CSFがサイバーセキュリティ対策の戦略的なフレームワークを提供するのに対して、より技術的・戦術的な補助ドキュメントとして、以下のようなドキュメントも参考にしてください。
ドキュメント名 | 概要 | CSFとの関連 |
SP800-53 | 主に連邦政府機関を対象とした機密情報の保護を目的としたガイドライン | CSFより技術的・戦術的な施策を網羅 |
SP800-171 | 主に民間企業を対象とした機密情報以外の重要情報の保護を目的としたガイドライン | |
ISO/IEC 27001 (ISMS) | 情報セキュリティマネジメントシステム(ISMS)に関する国際規格 | ISMSは情報セキュリティが対象。CSFはサイバーセキュリティのみを対象とする |
CIS Controls | CIS(Center for Internet Security)が策定した自社が実施すべき対策とアプローチを提示したフレームワーク | Application, Devices, Data, NetworkなどでCSF各コア機能ごとに分類された施策を網羅 |
CSFはサイバーセキュリティリスク管理のベストプラクティスとして、今後も多くの企業・組織での導入が見込まれます。

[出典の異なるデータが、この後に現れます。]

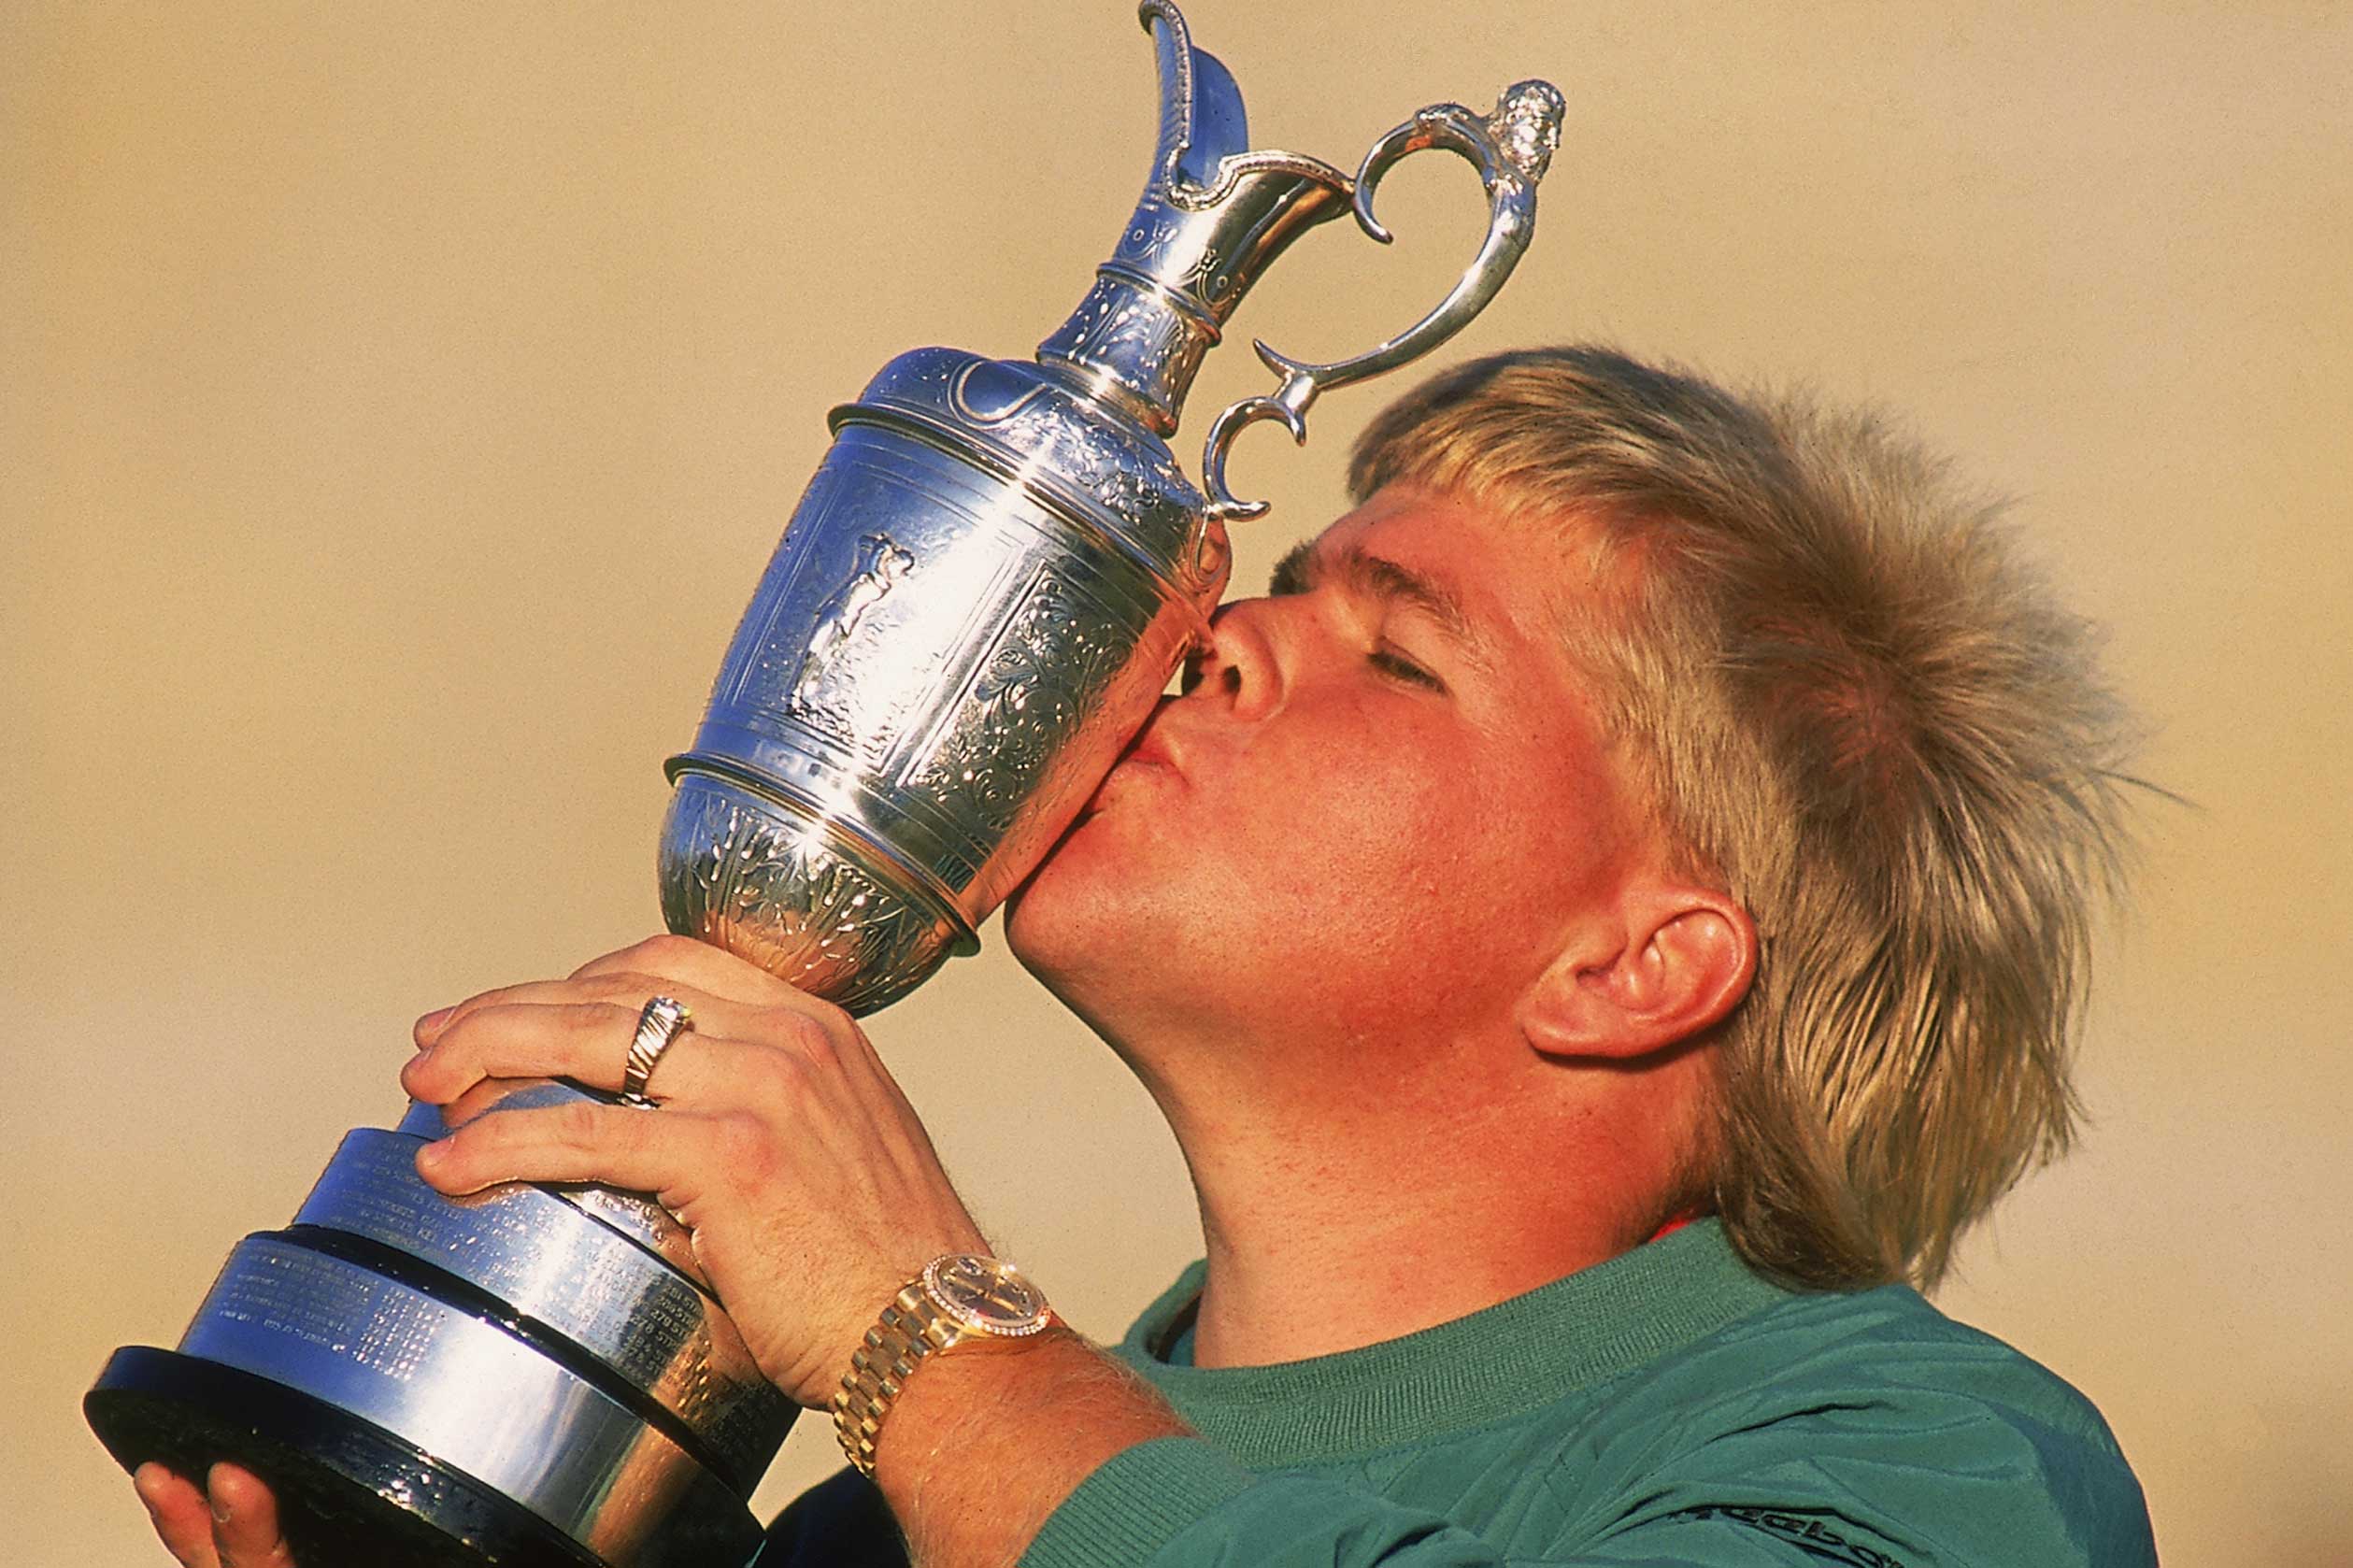 John Daly kisses the Claret Jug in 1995 (Photo: Getty Images)
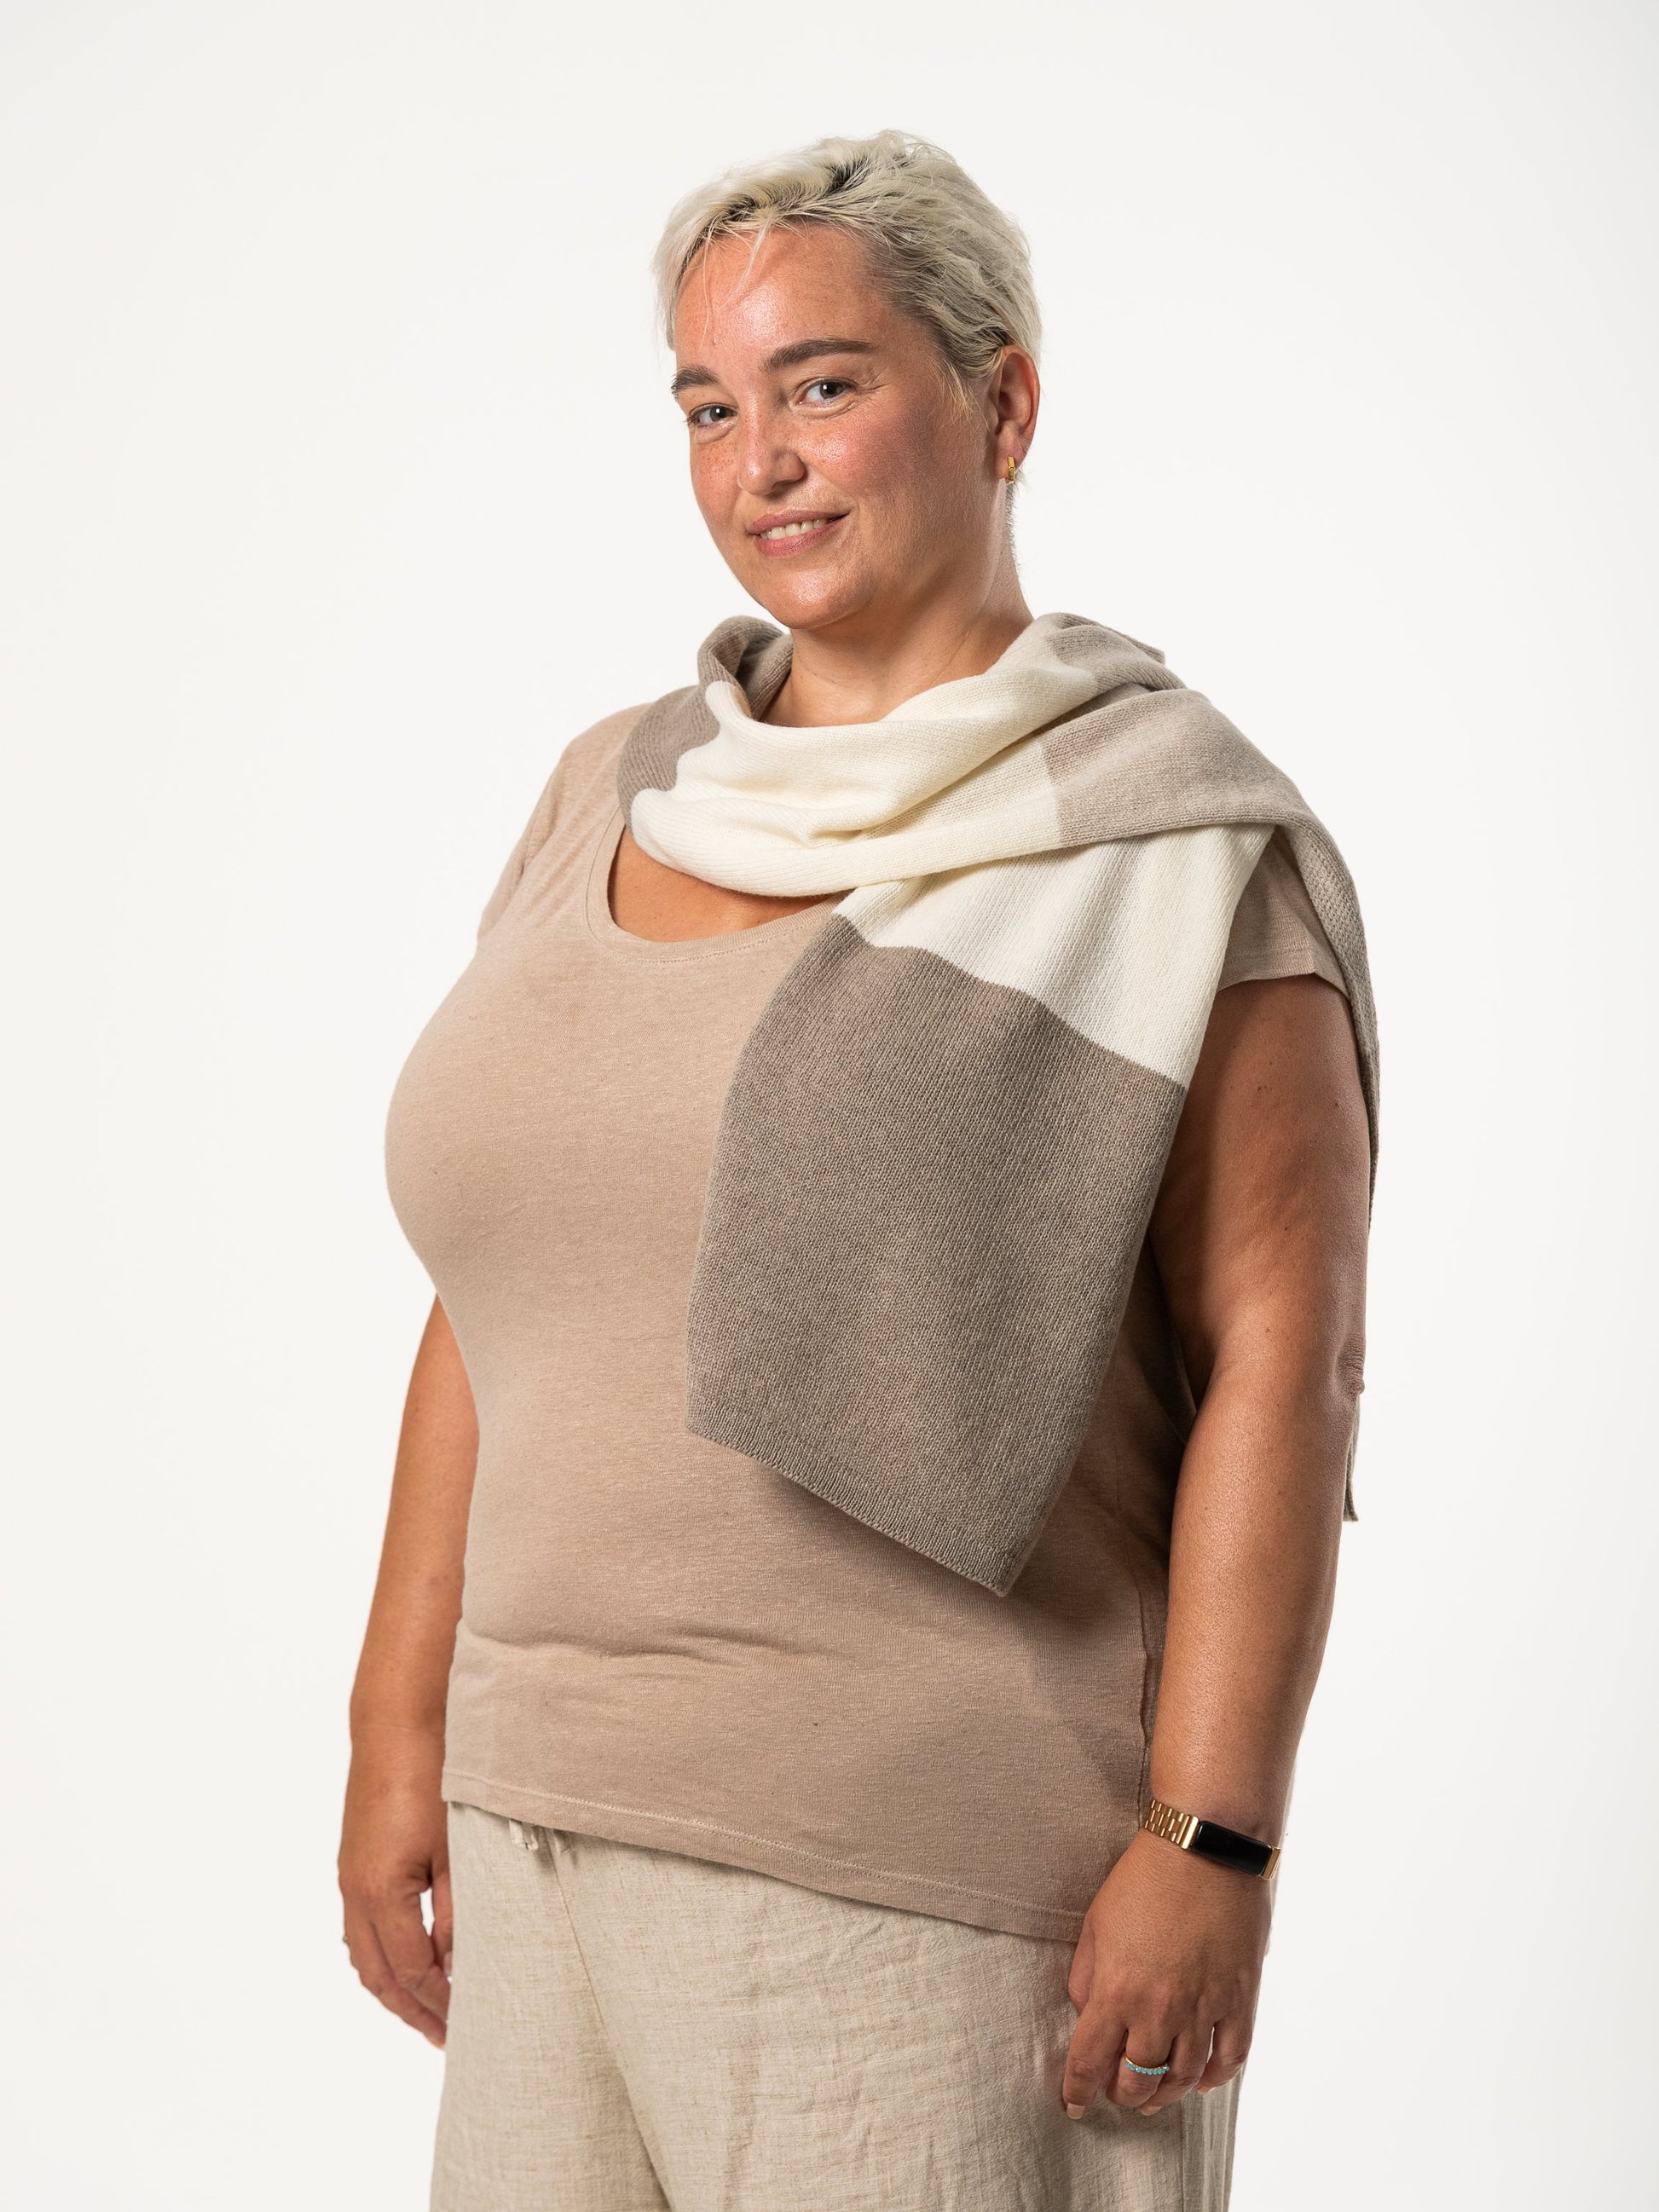 white woman wearing a cream and grey merino wool scarf - Woolkind

また、上場企業ではCSFによるアセスメント実施概要についてステークホルダーなどに情報開示をしている例もあり、経営レベルでもCSFの内容を理解することが求められています。
CSF 2.0を用いてセキュリティアセスメントを実施する際は、CSF 1.1との差分を的確にアセスメントする方が効率的です。最新のスタンダードで評価することにより、組織のサイバーレジリエンスを高め、重大インシデントのリスクを低減します。さらには、自社組織だけでなく、サプライヤーや第三者も含めた体系的なリスク管理を実現することができます。